The implementation process of the audio control method according to the embodiment of the present disclosure is described above for the case of one sound object. It can be understood that the audio control method according to the embodiment of the present disclosure can also be applied to a scenario of multiple sound objects, that is, according to the acoustic image coordinate and audio data of each sound object, the steps S101-S104 described above are carried out respectively, so as to play audio for different sound objects, which will not be repeated here.


According to some embodiments of the present disclosure, obtaining the acoustic image coordinate of the sound object relative to the display screen comprises: making video data comprising the sound object during, wherein the sound object is controlled to move, wherein the display screen is used to output video data; and recording the moving track of the sound object to obtain the acoustic image coordinate.
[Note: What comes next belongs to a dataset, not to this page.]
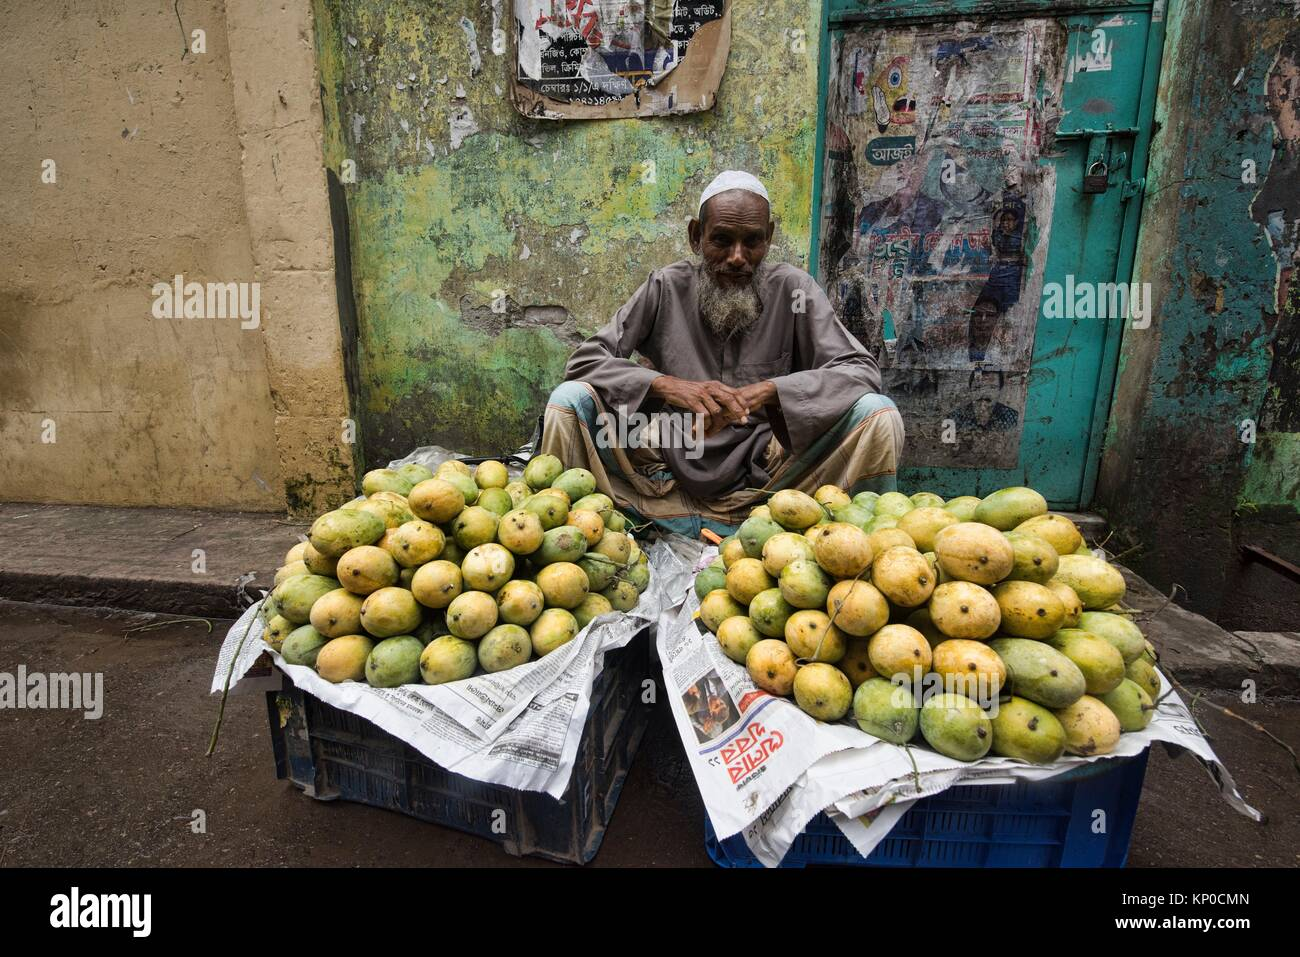 Mango seller, Dhaka, Bangladesh. - Stock Image

In some implementations, the video data comprising the sound object can be obtained based on programming software, and the audio data and acoustic image coordinate of the sound object can be recorded during the production process, so as to apply to the audio control method provided according to some embodiments of the present disclosure.



FIG. 6 is a schematic diagram of the implementation process of generating the acoustic image coordinate. In the implementation of FIG. 6, the audio control scheme of the sound and picture integration according to the embodiment of the present disclosure is implemented by programming software. First, by using programming software platforms such as the programming software platforms that are based on python or matlab, calling the sound card of the applicable display screen in real time can be achieved. In addition, graphical user interface (GUI) can also be designed by using programming software to realize an operation interface to generate visual acoustic image data.
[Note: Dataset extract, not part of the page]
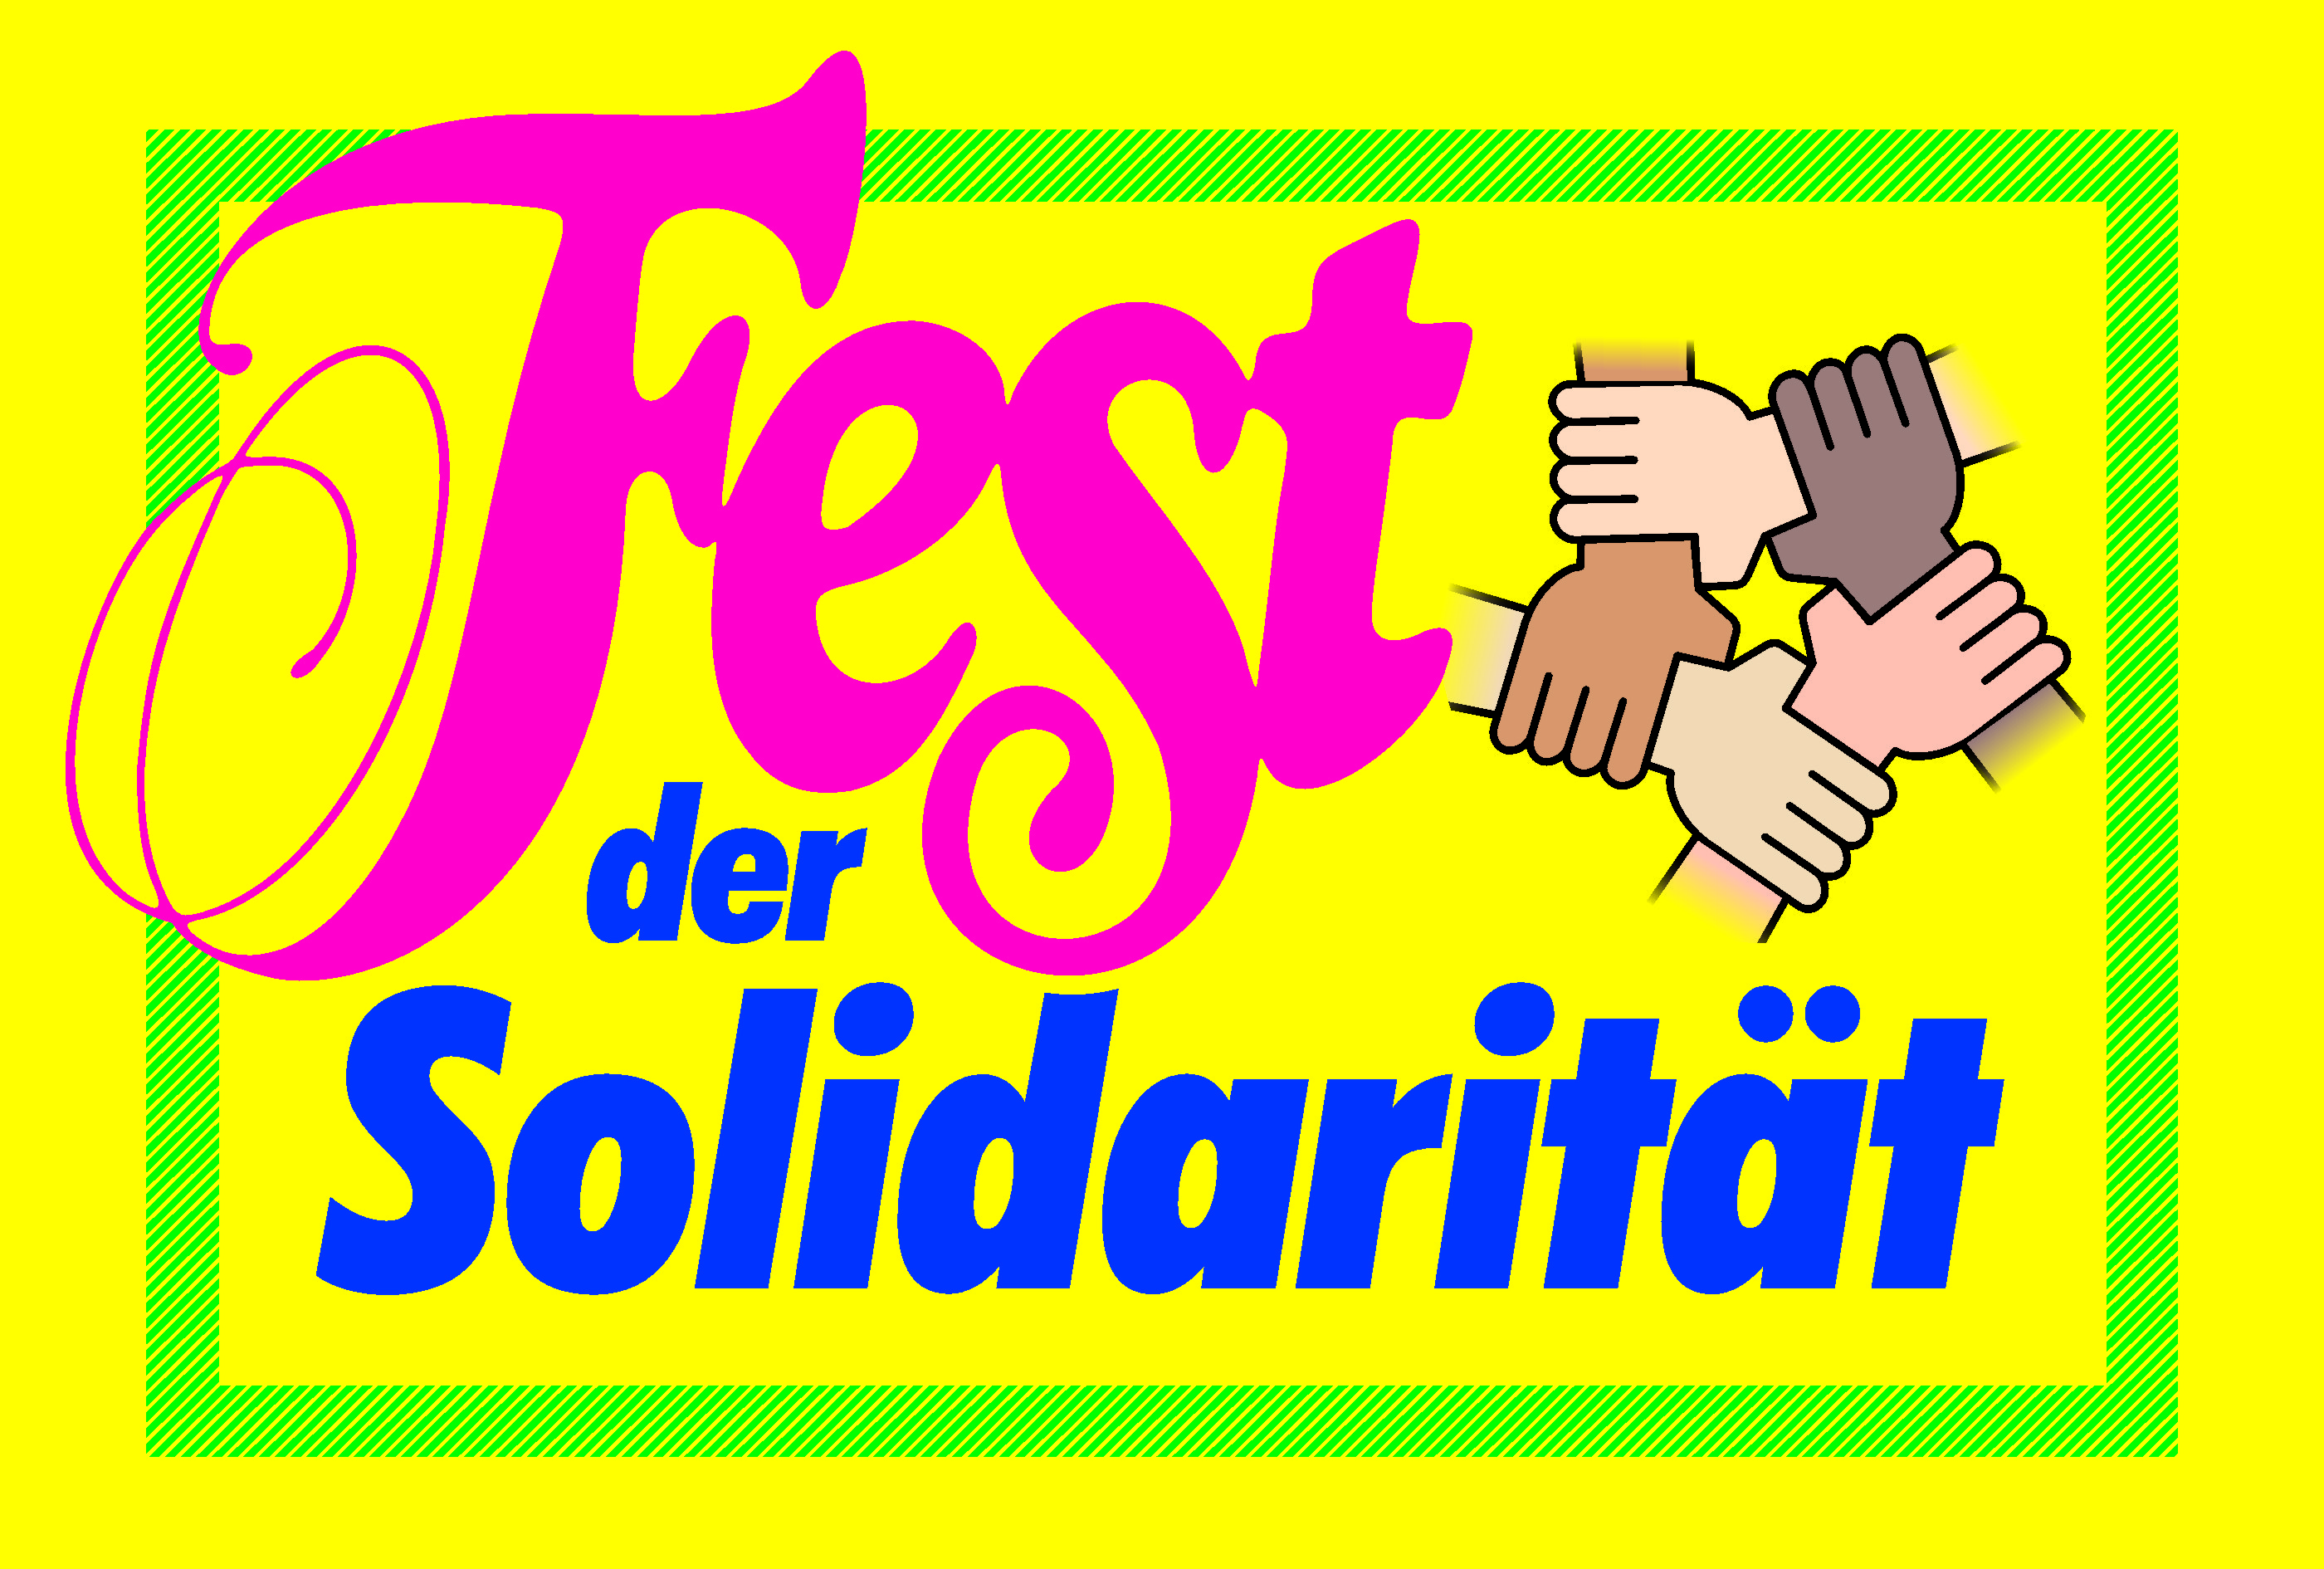 Fest der Solidarität 2019

First of all, the layout of speakers can be drawn in a designed GUI interface and the coordinates of 32 speakers can be obtained, which will be used for the selection of loudspeakers. Next, a sound object, such as the helicopter shown in FIG. 6, can be inserted in the picture with speakers. Further, the movement of the sound object can be controlled by a mouse through the designed GUI interface. As an example, the sound object can be dragged by the mouse to control the movement, where the position track of the mouse movement can be obtained and the acoustic image coordinate can be obtained based on it. As another example, some buttons can also be designed in the GUI interface to control the movement of the sound object. For example, the button to move up, down, left and right respectively can be set, and the movement of the sound object can be controlled by clicking the button. The movement distance of the button can be preset, that is, click the button once to move a preset distance. Through designing and developing in the GUI interface, the video data comprising the sound object can be finally obtained for playing on the display screen, and the acoustic image coordinate of the sound object in the display process is known. In addition, corresponding audio data is also configured for the sound object in the video data. For example, in the implementation shown in FIG. 6, the audio data can be the sound emitted by the helicopter.


By using the process shown in FIG. 6, the video data comprising the sound object can be produced, wherein the sound object moves during the playback process. During the process of playing the video image, the audio control method provided according to some embodiments of the present disclosure can be used to control the display screen arranged with multiple speakers as shown in FIG. 2 to play the audio data according to the movement track of the sound object. Thus, the speaker playing the audio data and its output gain are changed according to the position coordinate of the sound object, so as to realize the audio-visual effect of the sound and picture integration in real time, and enhance the audio-visual experience of the large-screen display scene, which is conducive to the application and development of products such as the large-display screen.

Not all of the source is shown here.